**Directions**
Scan the entries that follow for the word "Barbi", then report every line in which it appears.

*** Opening of Listed records ***

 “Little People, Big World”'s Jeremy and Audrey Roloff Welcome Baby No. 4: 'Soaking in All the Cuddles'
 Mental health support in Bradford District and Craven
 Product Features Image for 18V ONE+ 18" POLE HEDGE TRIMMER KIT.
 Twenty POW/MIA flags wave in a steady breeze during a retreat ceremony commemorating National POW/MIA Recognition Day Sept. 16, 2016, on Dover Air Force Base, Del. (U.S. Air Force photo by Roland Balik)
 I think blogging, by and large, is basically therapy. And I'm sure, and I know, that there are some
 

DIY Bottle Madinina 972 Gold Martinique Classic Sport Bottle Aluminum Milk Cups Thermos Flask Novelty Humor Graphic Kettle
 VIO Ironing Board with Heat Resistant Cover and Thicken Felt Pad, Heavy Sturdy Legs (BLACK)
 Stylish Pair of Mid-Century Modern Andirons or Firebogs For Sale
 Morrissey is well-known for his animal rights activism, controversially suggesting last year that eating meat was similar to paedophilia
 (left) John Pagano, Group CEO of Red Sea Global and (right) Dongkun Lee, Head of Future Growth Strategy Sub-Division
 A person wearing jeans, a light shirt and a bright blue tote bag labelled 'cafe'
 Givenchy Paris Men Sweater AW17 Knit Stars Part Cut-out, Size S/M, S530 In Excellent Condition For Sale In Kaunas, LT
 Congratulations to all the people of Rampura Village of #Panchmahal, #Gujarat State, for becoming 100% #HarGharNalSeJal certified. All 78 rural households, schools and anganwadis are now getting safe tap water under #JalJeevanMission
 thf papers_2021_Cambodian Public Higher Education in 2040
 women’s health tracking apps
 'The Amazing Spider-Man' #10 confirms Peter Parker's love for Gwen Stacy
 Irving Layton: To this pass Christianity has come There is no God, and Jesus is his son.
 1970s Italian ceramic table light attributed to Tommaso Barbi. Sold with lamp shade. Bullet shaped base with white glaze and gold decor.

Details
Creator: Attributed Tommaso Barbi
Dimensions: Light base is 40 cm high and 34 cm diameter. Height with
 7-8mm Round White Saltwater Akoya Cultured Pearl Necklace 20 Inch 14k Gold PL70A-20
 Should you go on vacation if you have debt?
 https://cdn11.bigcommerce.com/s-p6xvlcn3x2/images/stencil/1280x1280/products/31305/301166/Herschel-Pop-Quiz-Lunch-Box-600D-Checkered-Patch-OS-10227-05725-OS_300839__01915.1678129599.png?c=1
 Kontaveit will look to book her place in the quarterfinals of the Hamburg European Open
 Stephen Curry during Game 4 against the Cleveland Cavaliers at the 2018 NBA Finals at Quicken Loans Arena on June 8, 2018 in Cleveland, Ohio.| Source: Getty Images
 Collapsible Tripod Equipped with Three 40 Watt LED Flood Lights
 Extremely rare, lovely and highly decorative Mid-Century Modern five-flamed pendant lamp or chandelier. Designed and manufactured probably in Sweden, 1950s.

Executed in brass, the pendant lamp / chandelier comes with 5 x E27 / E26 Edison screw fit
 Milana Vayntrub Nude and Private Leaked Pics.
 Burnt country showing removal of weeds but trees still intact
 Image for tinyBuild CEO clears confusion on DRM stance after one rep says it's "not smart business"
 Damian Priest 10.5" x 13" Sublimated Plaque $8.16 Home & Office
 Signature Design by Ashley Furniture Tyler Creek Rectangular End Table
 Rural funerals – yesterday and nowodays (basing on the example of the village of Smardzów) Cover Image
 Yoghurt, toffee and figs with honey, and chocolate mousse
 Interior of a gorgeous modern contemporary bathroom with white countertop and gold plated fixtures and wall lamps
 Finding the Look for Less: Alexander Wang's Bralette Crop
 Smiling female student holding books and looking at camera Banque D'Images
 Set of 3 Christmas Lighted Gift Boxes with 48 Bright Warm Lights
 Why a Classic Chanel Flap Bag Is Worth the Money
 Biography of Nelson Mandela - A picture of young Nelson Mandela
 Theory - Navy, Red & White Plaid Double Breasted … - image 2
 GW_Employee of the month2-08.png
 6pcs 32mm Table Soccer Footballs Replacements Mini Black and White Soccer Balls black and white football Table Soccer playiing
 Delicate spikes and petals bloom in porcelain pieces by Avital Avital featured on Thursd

*** Close of Listed records ***

**Solution to this task**
 1970s Italian ceramic table light attributed to Tommaso Barbi. Sold with lamp shade. Bullet shaped base with white glaze and gold decor.
Creator: Attributed Tommaso Barbi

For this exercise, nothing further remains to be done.